Нужны, нужны и еще раз нужны. Не так давно я провела вечер в подоб­ном серьезном театре, где все время выяснялось, каким способом лучше обвод­нять пустыню, и показывалось наглядно, как за лучший метод боролись персонажи пьесы. В зрительном зале во время дей­ствия и а антрактах царила чинная и даже, я бы сказала, сонливая тишина, а после окончания спектакля люди молча брали свои шубы и боты и также молча спускались по ступенькам широкого театрального выхода.

Они забывали о полезных идеях тут же; и не потому, что были пустыми людьми, но потому, что никаких полезных идей во всей разыгранной истории не было, а вместо пользы и идейности была скука и неартистичность. Я взяла для примера плохой театр, скучный театр, сменивший воздействие искусством на простую информацию. И мне не надо напоминать, что у нас есть очень хорошие и яркие театры, не забыв­шие свое первородство. Но не надо и за­бывать, что серая скука, подменяющая идеи, что мнимая польза от такой транс­формации понятия «идейность» часто встают на пути развития тех жанров, кото­рые по своей природе воспитывают ра­достью, улыбкой и смехом.

И в искусстве сегодня происходит странное смещение. Драматическое искусство, если пригля­деться к нему внимательнее, сбрасывает с себя путы однообразия, бытовой огра­ниченности, отказывается быть копиров­щиком фактов, вспоминает свою театраль­ную природу — и выигрывает при этом. А эстрада, в которой первозданная си­ла театральности видна ничем не вооруженным глазом, зачастую теряет обая­ние этой силы и заражается скукой и не­артистичностью плохого театра — и вот мы уже   замечаем, что на эстрадных вечерах в зрительный зал проползает холодок.

А зрителю все так же нужна эстрада, ему дорог дух эстрадного концерта, ему нужны песня, выход актера, шутки конфе­рансье и откровенность волшебного пре­вращения пустого помоста в место вдохно­венного творчества. Если бы мы чаще вспоминали о синтезе искусств в театре, то не отделяли бы проб­лемы развития больших форм от малых — театра от эстрады, оперетты и цирка. Драматический театр плох, если он за­бывает свою народную природу, свое рождение на площади, свою связь с жизнью толпы, с массой и все особенности мастерства, от этой связи происходящие. Будь он вполне профессионален, но, если он замкнулся в схоластические проблемы перевоплощения, характера и метода фи­зического действия, он беден и плох. И все-таки — высокомерен.

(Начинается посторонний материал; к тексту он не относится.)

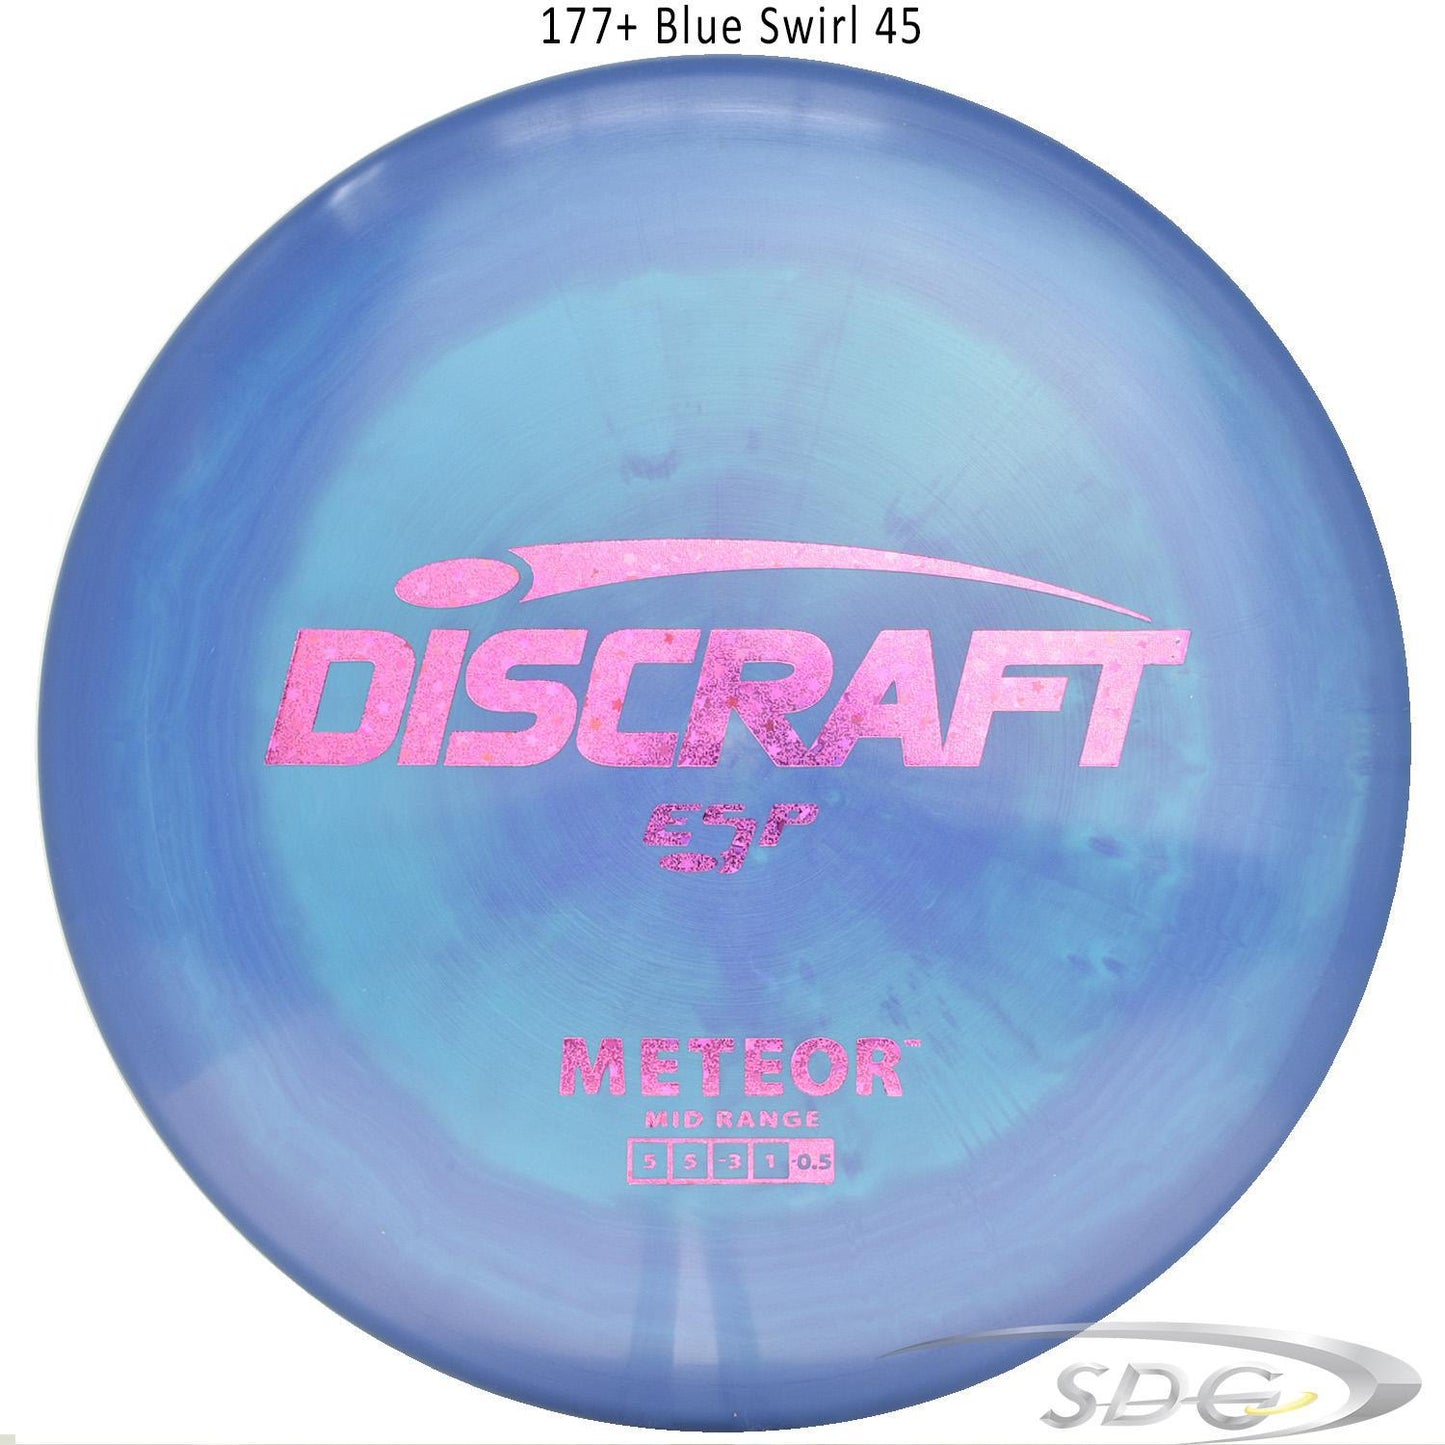 discraft-esp-meteor-disc-golf-mid-range 177+ Blue Swirl 45

И даже сейчас, когда вдруг во многие театры явилась, как по приказу волшебни­ка, условность, когда коробка сцены раз­двинулась и постановочные средства стали богаче и свободнее, даже сейчас мы не найдем еще пробуждения народных начал в драматическом театре (за исключением, быть может, режиссуры Н. Охлопкова, Б. Равенских и Ю. Любимова, во многом стоящих особняком и не всегда правильно понятых). Самое характерное то, что имен­но эти режиссеры в своем методе и ощу­щении театра видят его очень родствен­ным с эстрадой, с цирком, с музыкой, с аренной сценой, с эпизодичностью, с им­провизационным началом, с полным дове­рием к зрительскому прямому сотвор­честву.

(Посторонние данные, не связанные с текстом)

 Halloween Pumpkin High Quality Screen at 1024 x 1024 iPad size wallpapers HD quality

Такие режиссеры шли и идут к цирку и эстраде не ради внешних, а ради корен­ных родовых признаков театра: его пря­мого демократизма, живой формы связи с толпой зрителей, стремления дать ей, публике, пофантазировать, заиграть, за­сверкать духовно, испытать радость про­буждения творческого  вдохновения. Исторически этим и объясняется радушность, гостеприимность открытых театров, эстрадных помостов и арен, где толпа окружает актеров, а то и сидит рядом с ними на сцене. Или актер сходит в партер. И актер в таких обстоятельствах дарит зрителя всем, чем одарен сам, — песней, танцем, пластическим искусством, чудом укрощения зверей, умением импровизиро­вать на злобу дня. Сочинить сценку, этюд, пьесу.

Но во всей этой непосредственности, во всей этой легкости — высокое умение, отточенное дарование, знание своего дела, артистизм. О чем мы сказали сейчас: о драмати­ческом театре (цельном) или об эстрадном (состоящем из номеров)? И о том и о другом мы сказали одновременно; но не потому, что смешали в одно разные жанры, а потому, что говорили об общей природе театрального искусства.

Драматический театр пошел своим пу­тем, но должен был сохранить народный дух, не принося его в жертву академич­ности. Эстрадный театр пошел своим путем, но должен был не разменять на мелочи тот исконный народный дух, не опошлить, не продешевить его. Странно, что до сих пор вырываются вздохи возмущения, когда вспоминаются аттракционы Мейерхольда, трюки Эйзен­штейна, игра с вещью Вахтангова, аренный театр Охлопкова, эпизодность, синтетич­ность, условность и прочие «грехи» драматического театра.

И огорчительно уничижительное обра­щение с понятием эстрадности  и цирка. Но более всего огорчает то, что сам эстрадный театр нередко пугается своего первородства и постепенно выглаживает и выутюживает свою яркость, свою дер­зость и радость, как свой первозданный творческий импульс. Эстрада, например, — это только один пример — начинает бояться в танце чисто­го самоценного великолепия жанра. Танец превращается в некую хореографическую сценку: выходит она, переживает, прячет лицо, играет с корзиночкой. Потом выхо­дит он, делает вид, что ищет ее (не видит), вдруг увидел, удивлен. Ухаживает (игра с корзиночкой). Наконец наступает примирение и вместе с ним (наконец-то!) — та­нец. Но и тут не слава богу — в танце тоже почему-то нужны бытовые приспособления, очевидно, боятся выпасть из характера или из сюжета. В результате «выпадают» из танца.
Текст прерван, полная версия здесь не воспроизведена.